Hours after he was driven away from the prison, the 61-year-old Pollard checked in with probation officers at a federal courthouse in New York City, then emerged into a throng of journalists. He wore loose-fitting khakis, a blue yarmulke and a slight smile.
“I can’t comment on anything today,” the Navy intelligence analyst said, his wife, Esther, on his arm. One of his lawyers and a US marshal, grasping Pollard firmly by the arm, escorted him through the crowd of jostling photographers to a car. The only time he appeared to react to the journalists is when one apparently called him “Yonatan,” the Hebrew pronunciation of his name.
https://www.youtube.com/watch?v=p8XL4l8QKfQ
Within hours of his release, Pollard’s attorneys filed court papers in New York challenging his “onerous and oppressive” parole conditions.
Those include a requirement that he wear a GPS ankle bracelet and submit to inspections of his computer at his home or at his job, which his lawyers said will be in the finance department of a New York investment firm.
Pollard’s lawyers complained that wearing a GPS monitor would be harmful to his health because he has severe diabetes and chronic swelling in his legs and ankles. They said the computer monitoring is unnecessary because he no longer possesses any useful classified information.
This was among the highest-profile spy sagas in modern American history, a case that became a diplomatic sticking point. Supporters praised Pollard for aiding an ally, while critics called him a traitor to his country.
“I don’t think there’s any doubt that the crime merited a life sentence, given the amount of damage that Mr. Pollard did to the United States government,” said Joseph diGenova, who prosecuted the case as US attorney in Washington. “I would have been perfectly pleased if he had spent the rest of his life in jail.”
Seymour Reich, a former president of B’nai Brith who visited Pollard twice in prison, said that while he believes Pollard broke the law and deserved to be punished, his sentence was overly harsh.
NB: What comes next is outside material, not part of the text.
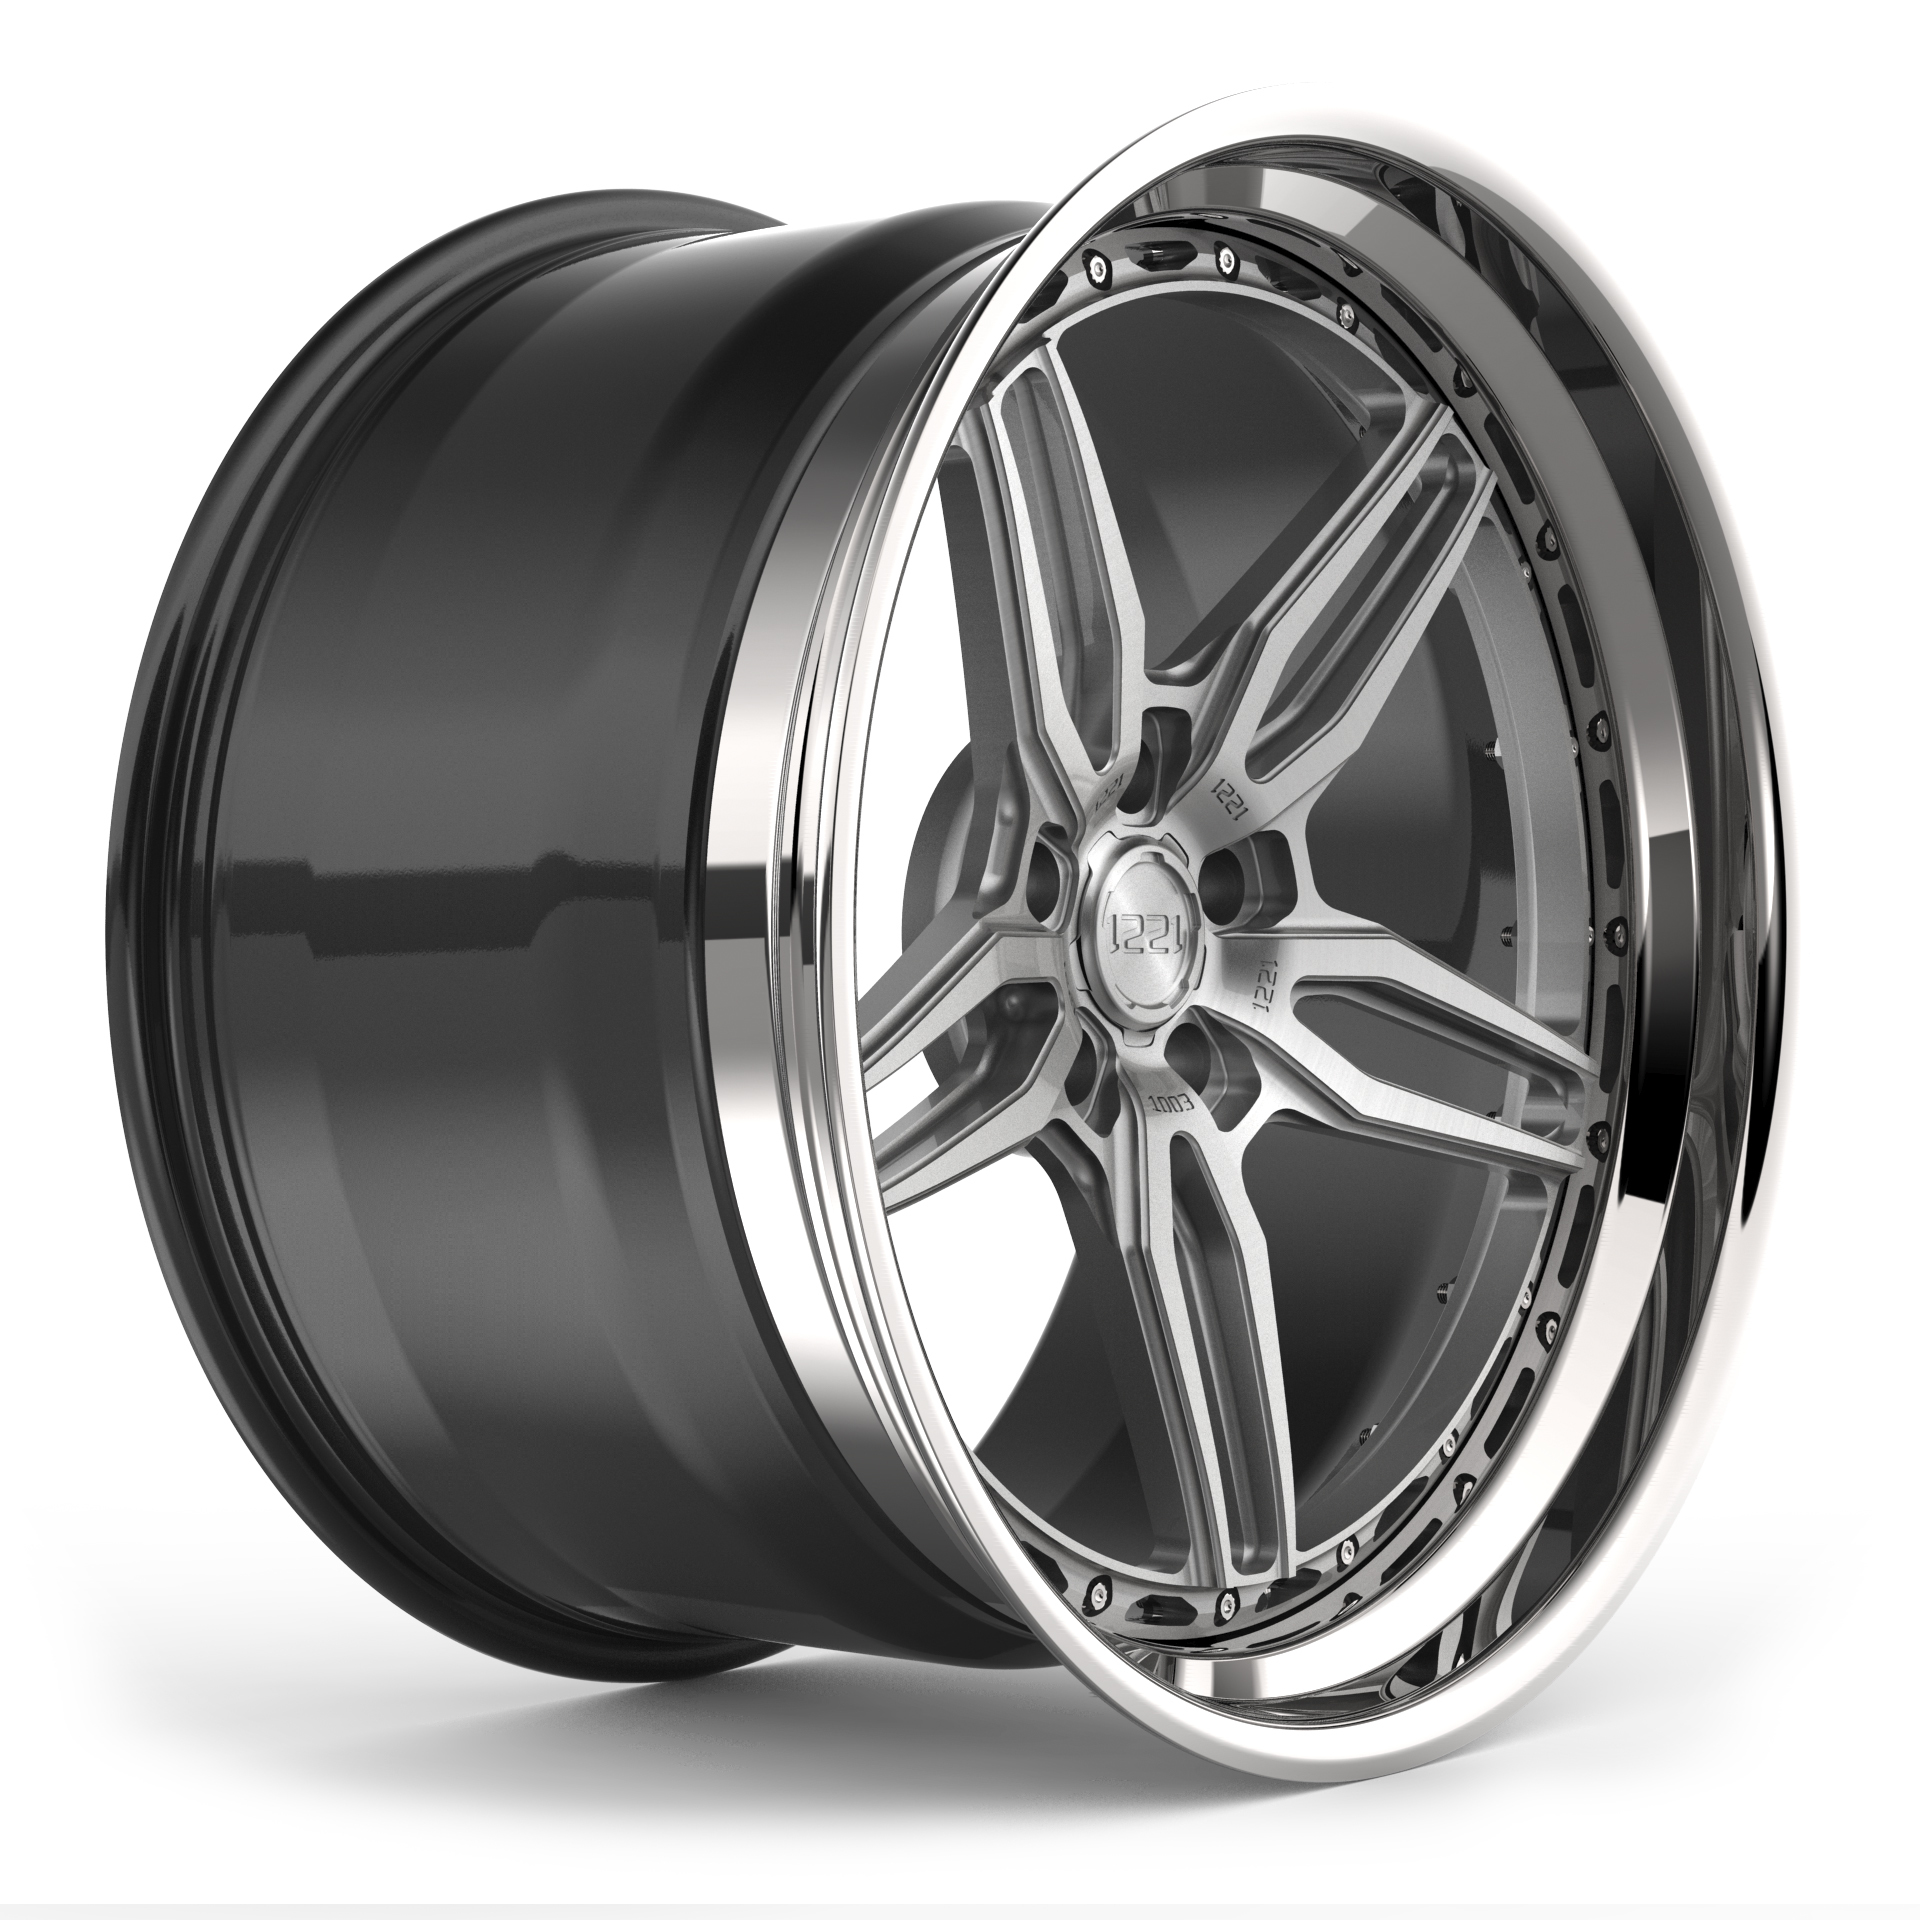 1221 Wheels 1003 AP3X APEX3.0 forged wheels

Like other supporters, he said Pollard was “double-crossed” into thinking he would receive leniency in exchange for a guilty plea.
US officials have said Pollard, over a series of months and for a salary, provided intelligence summaries and huge quantities of classified documents on the capabilities and programs of Israel’s enemies. He pleaded guilty in 1986 to conspiracy to commit espionage.
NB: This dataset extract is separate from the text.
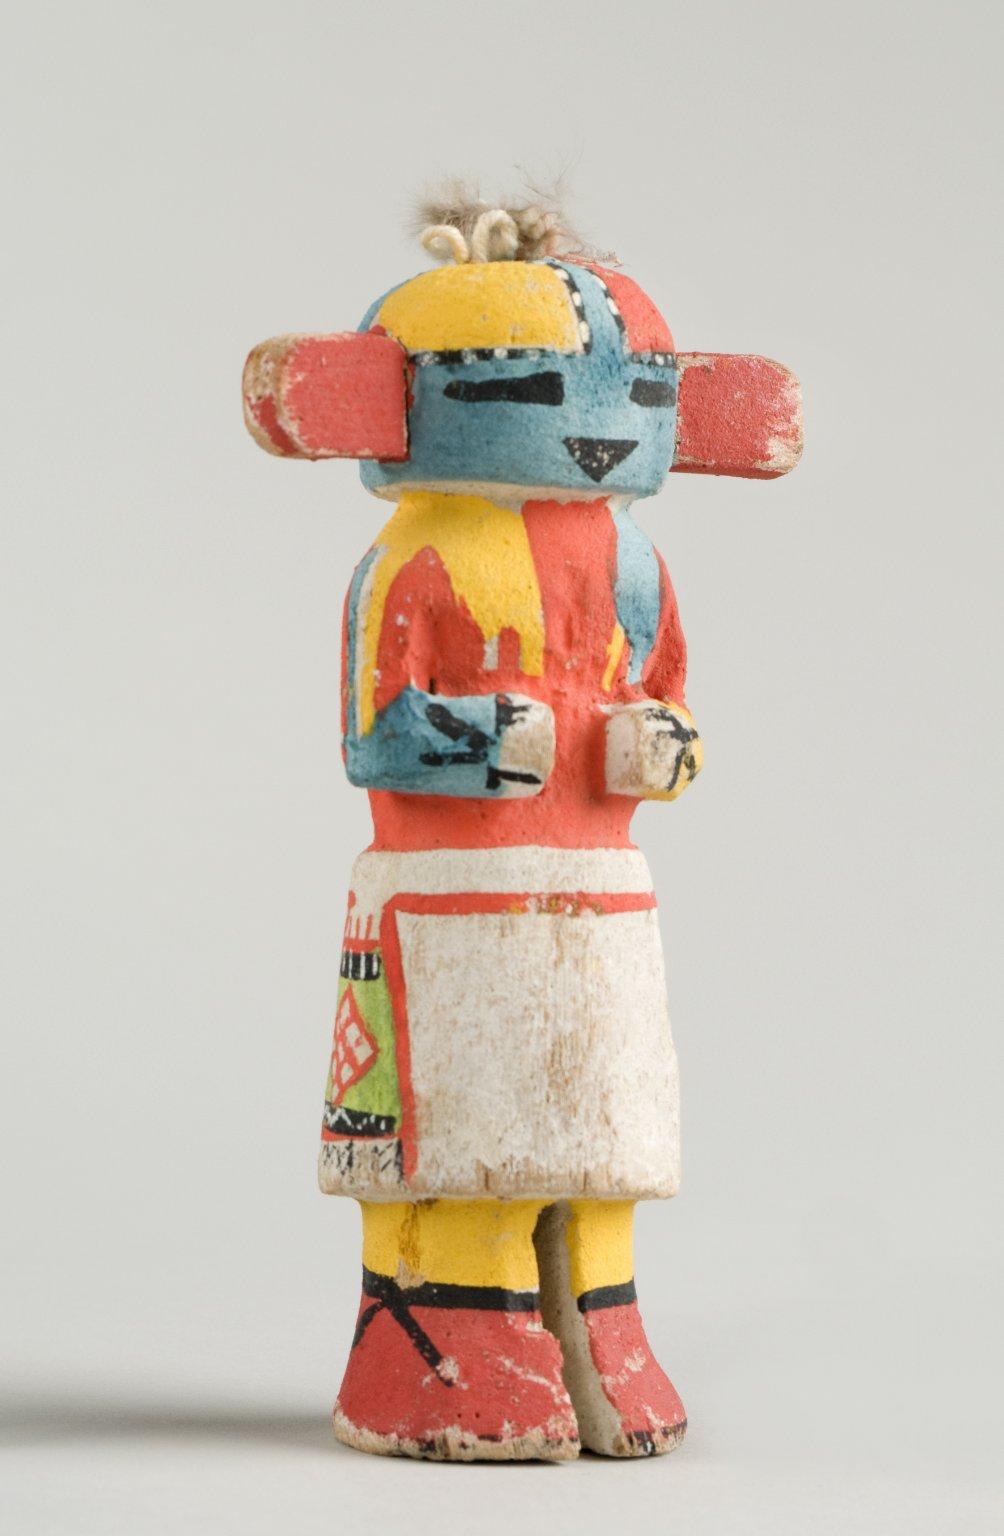 Morning Kachina Doll

Israel initially claimed that Pollard was part of a rogue operation but acknowledged him in the 1990s as an agent and granted him citizenship.
Although he has said his guilty plea was coerced, he has also expressed regret for his actions, telling The Associated Press in a 1998 interview that he did not consider himself a hero.
“There is nothing good that came as a result of my actions,” he said. “I tried to serve two countries at the same time. That does not work.”
Last year, the US dangled the prospect of freeing Pollard early as part of a package of incentives to keep Israel at the negotiating table during talks with the Palestinians. But the talks fell apart, and Pollard remained in prison.
The decision to grant him parole came amid a public disagreement between the US and Israel over a nuclear deal with Iran. But US officials have said the decision to let Pollard out on parole had nothing to do with that deal and was not meant as a concession to Israel.